Cell Culture and Transfection. COS cells (American Type Culture Collection) were cultured in DMEM with 10% FCS (Invitrogen) at 37°C in 5% CO₂. For erythrocyte-binding assays, cells were seeded 24 h before transfection onto a 12-well plate to obtain a 90% confluence. K562 cells (American Type Culture Collection) were incubated in Iscove's modified Dulbecco's medium (Invitrogen) containing 10% heat-inactivated human AB-type serum (Pel-Freez Biologicals). For K562 cell-binding assays, the same number of COS cells per well was seeded on two-well chamber slides (Nunc). Transfection was performed by using 4 μl per well of Lipofectamine 2000 (Invitrogen) and 0.8 μg of plasmid DNA diluted in Optimem (Invitrogen). Five hours after transfection, 20% FCS containing DMEM was added to each well for a final concentration of 10% FCS. COS-cell transfection rates were ≈70-75% in control experiments. All experiments were also controlled by parallel “sham” (vector-alone) transfections.

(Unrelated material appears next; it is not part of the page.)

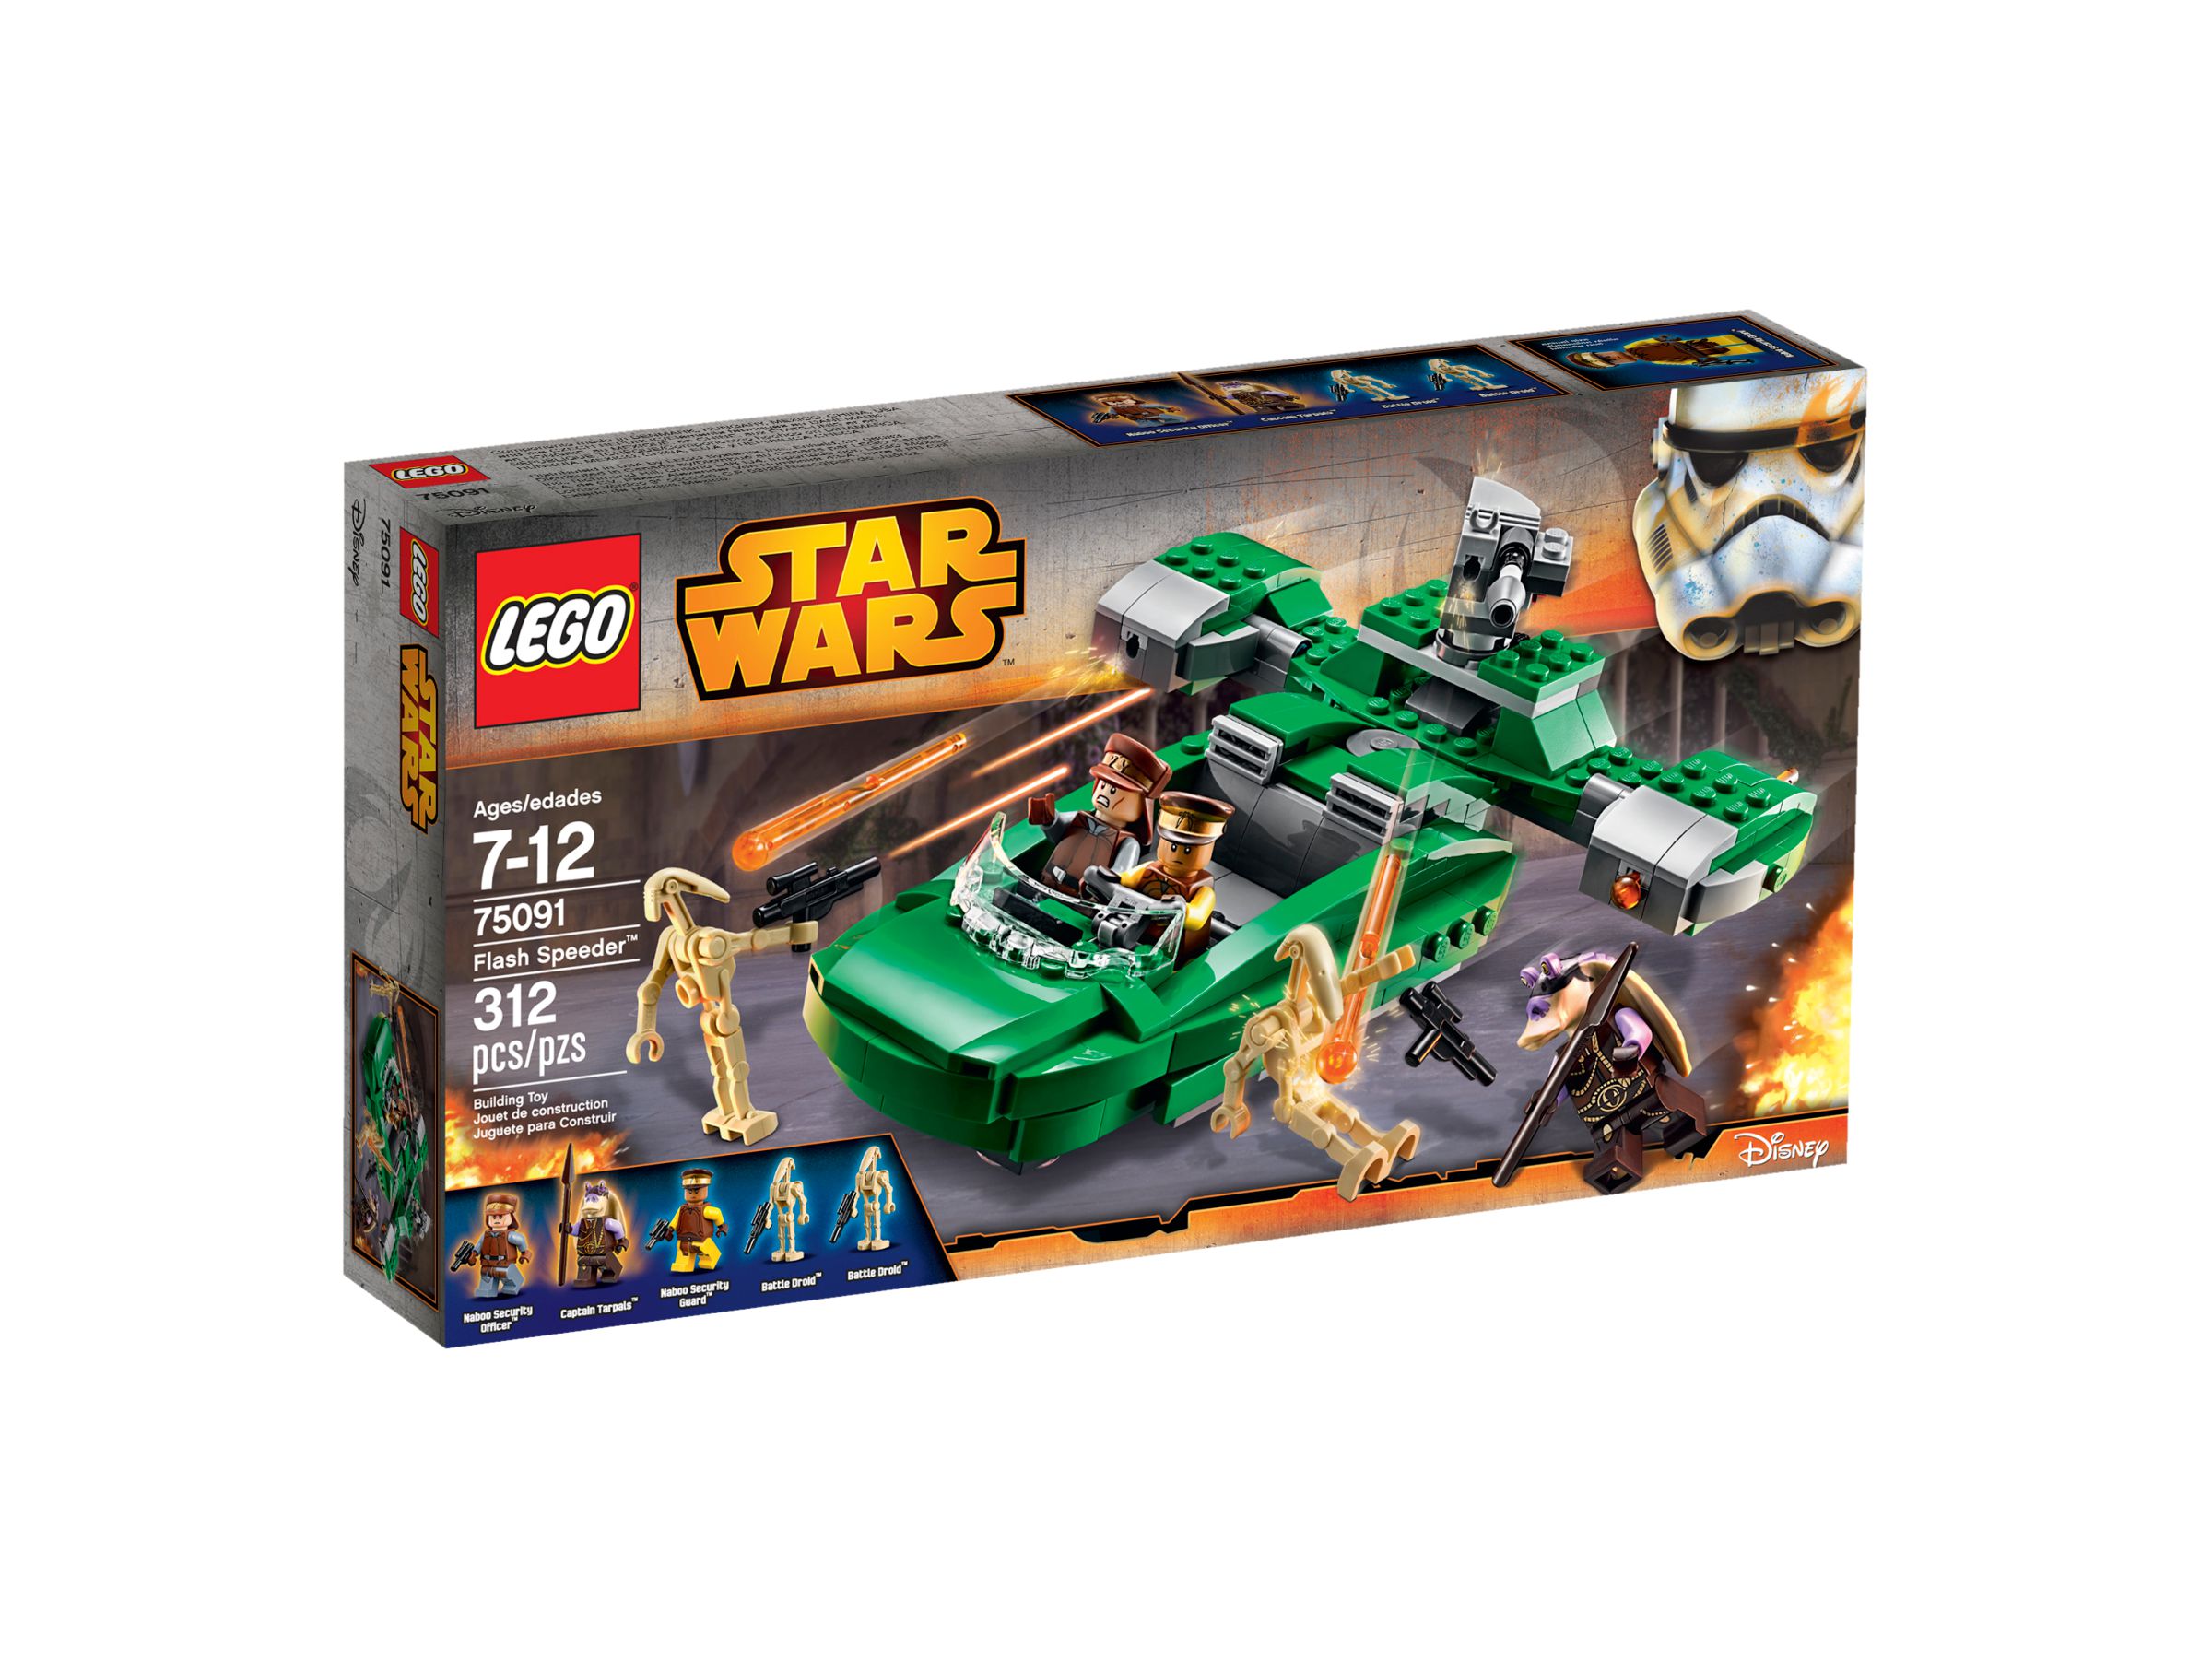 LEGO Star Wars 75091 Flash Speeder™ LEGO_75091_alt1.jpg

Anticoagulated Blood Samples. Human blood was obtained from healthy volunteers at the University of California at San Diego with institutional review board approval. Chimpanzee blood was kindly provided by the Yerkes National Primate Research Center (Atlanta). Owl monkey (Aotus nancymai) blood was obtained from Vanderbilt University (Nashville, TN), courtesy of Jon Kaas. Primate blood samples were shipped overnight on ice, and human samples were collected and stored overnight on ice to match the shipped samples. After centrifugation at 500 × g, erythrocytes were washed four times with PBS and maintained at 4°C in Elsevier's solution.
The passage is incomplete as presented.